Reflections on the project:

• What did you learn about object-oriented design, collaboration, or debugging?

I learned how important it is to have a predetermined flow that the project needs to follow. With all of the data that we needed to sort out and assign into different classes it was extremely important to stay organized as possible in the coding environment. With debugging Vaadin is an extremely testing process that involves a lot of back and forth, but by using the libraries, and tutorials to help I was able to figure it out.

• What did you contribute that you’re proud of?

I am most proud of my work on the season normalizer, the first attempt that I had made for it was a smaller scale version that was only used across a handful of stats, but when it was expanded fully out, it became a pretty seamless code and honestly not terrible in terms of the required logic. I also got to work some on the Vaadin which I felt was really intriguing because its hard to know exactly what something is going to look like until you run it, and getting it to work is incredibly satisfying and rewarding.

• In what ways did you grow as a coder, teammate, or problem-solver?
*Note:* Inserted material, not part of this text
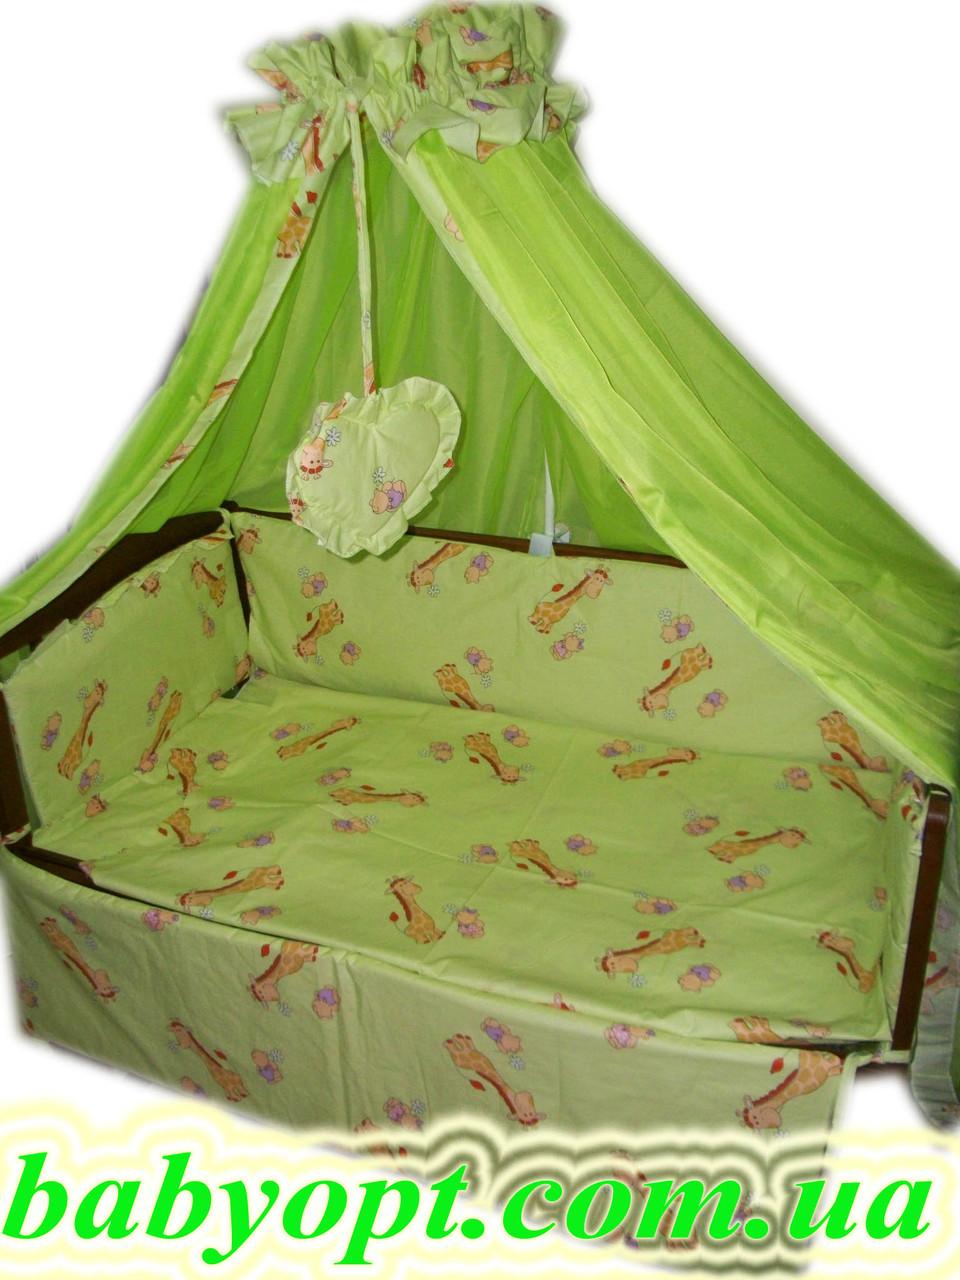 Постельное бельё в детскую кроватку Baby жирафы салатовые 8 эл. В подарок - подвеска сердечко

As a coder, I became more confident in being able to just start completely from scratch with an idea. In the past we normally have a sort of template that we build off of, but with this project that was not at all the case. It grew me into thinking more creatively and less about meeting a certain output of a smaller assignment. As a teammate I believe that I improved in areas such as delegation, and knowing when to take command. In the past I have found it hard to delegate tasks to teammates as I will usually just put my head down and get it done but this project was big enough to where I couldn’t do that.

• What do you now feel more confident about that you didn’t at the start?’

I am much more confident in my ability to take a complex an large dataset and turn it into something that a user can interact with. Being able to take information that someone knows nothing about and turning it into a service or tool that people can use is something I have not really done before. So this project grew me in that regard for sure, and now I know I can take on large projects even if they seem challenging at first.